KOBH #0073 — Little Bay, Sydney •
Two words and an acronym— Liminality #3 •
Sometimes when I write these notes to complement the images there's a clear agenda, a fully formed topic emerges.
Sometimes it's a matter of free association. When I considered this image, two words and an acronym came to me: Spiral, Meniscus and ROYGBIV.
Spiral
The sandstone shape in the foreground with the distinctive sea sponge fissures immediately reminded me of "Land Art" or "Earth Art" specifically the piece “Spiral Jetty” by Robert Smithson. The key difference is that one is naturally occurring; the other is the product of human fabrication. The key similarity is the pleasing spiral curve in both instances. The attention of the observer is captivated by the shape/symbol.
Meniscus
The exaggerated curved horizon reminded me of the word "meniscus", namely, inter alia — a crescent or a crescent-shaped body; the convex or concave upper surface of a column of liquid, the curvature of which is caused by surface tension.
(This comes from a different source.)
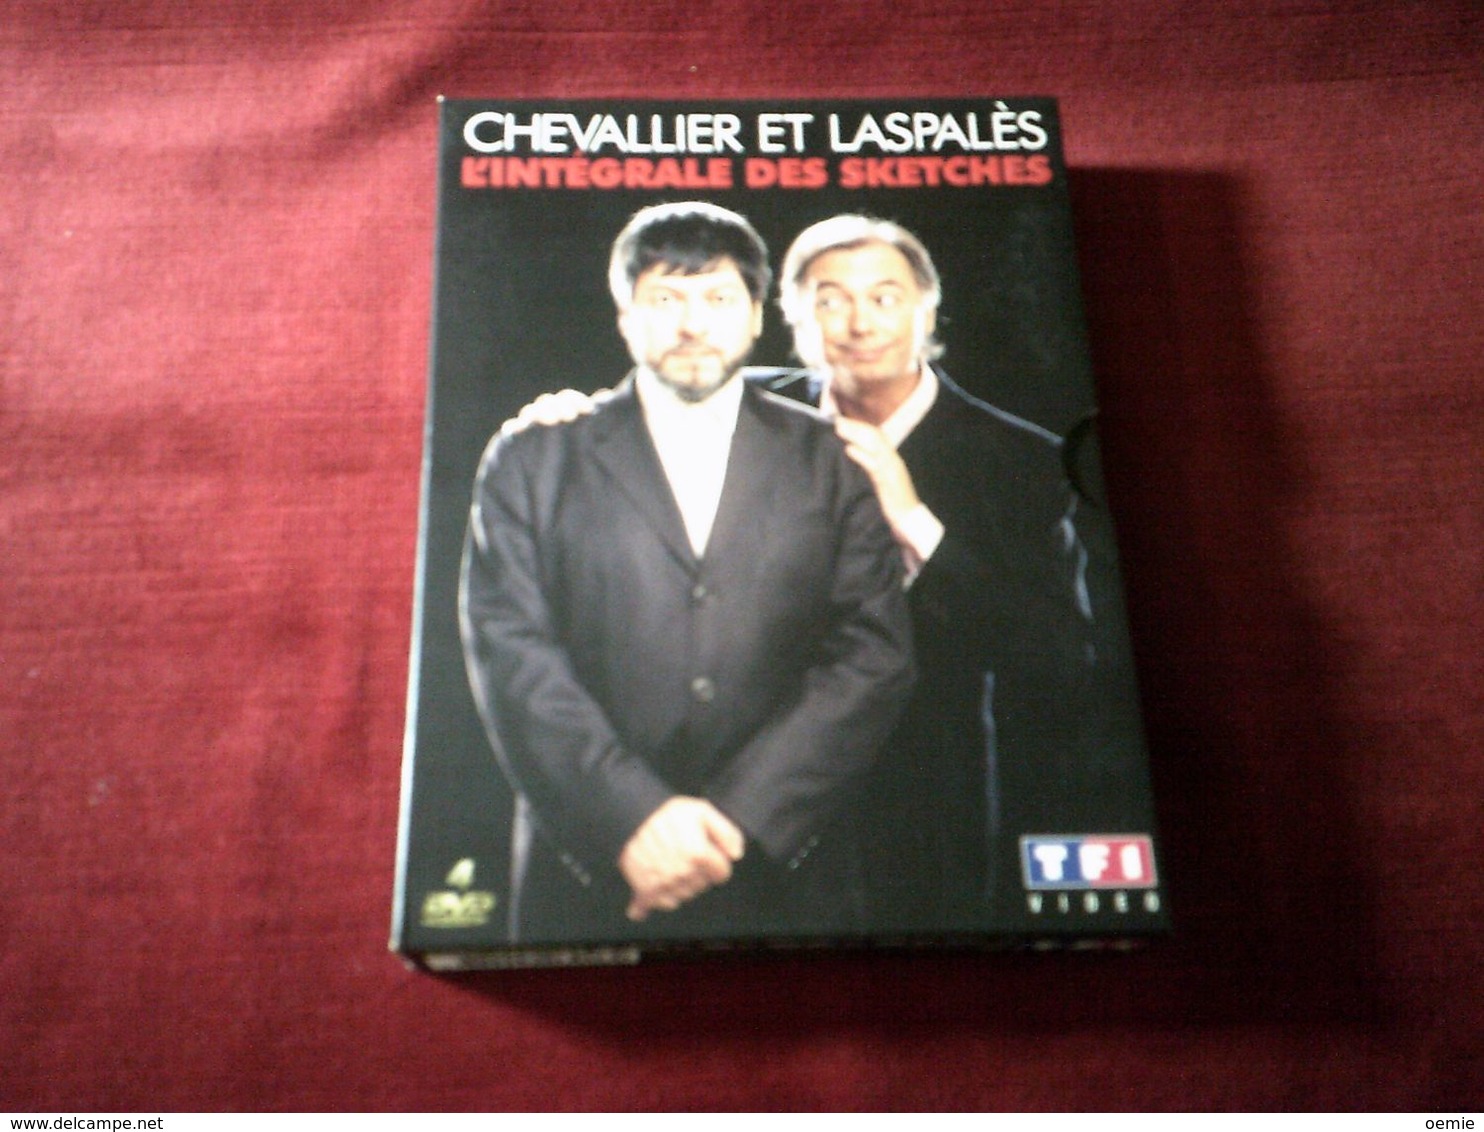 Chevalier Et Laspales  4  DVD  L'INTEGRALE DES SKETCHES - Concert En Muziek

Accurate but rather technical and rather drab.
Memory chimed in to reveal the poetic association of this word for me — the poem "Out of Time" by Australian poet and journalist, Kenneth Slessor. In particular, this extract:
Fixed in a sweet meniscus, out of Time,
Out of the torrent, like the fainter land
Lensed in a bubble's ghostly camera,
The lighted beach, the sharp and china sand
Glitters and waters and peninsula -
The moment's world it was; and I was part,
Fleshless and ageless, changeless and made free.
ROYGBIV
The acronym learnt in high school science class — the colour spectrum in order — red, orange, yellow, green, blue, indigo and violet. Emphasis for this writer's purposes is the last three colours. This image was made with a viewpoint of south: frame-left is west and frame-right being east.
Closely examine the strata of the sky furthest from the horizon — the colour transitions left to right, from violet to indigo to blue. From our terrestrial viewpoint the frame-right is further from the Sun so the sky tends to blue whilst frame-left is closer and appears violet.
In one frame, the visual vocabulary of blue hour.
(Sidenote: Port Botany container port appears on the horizon — the cranes so resemble giraffes on the savannah).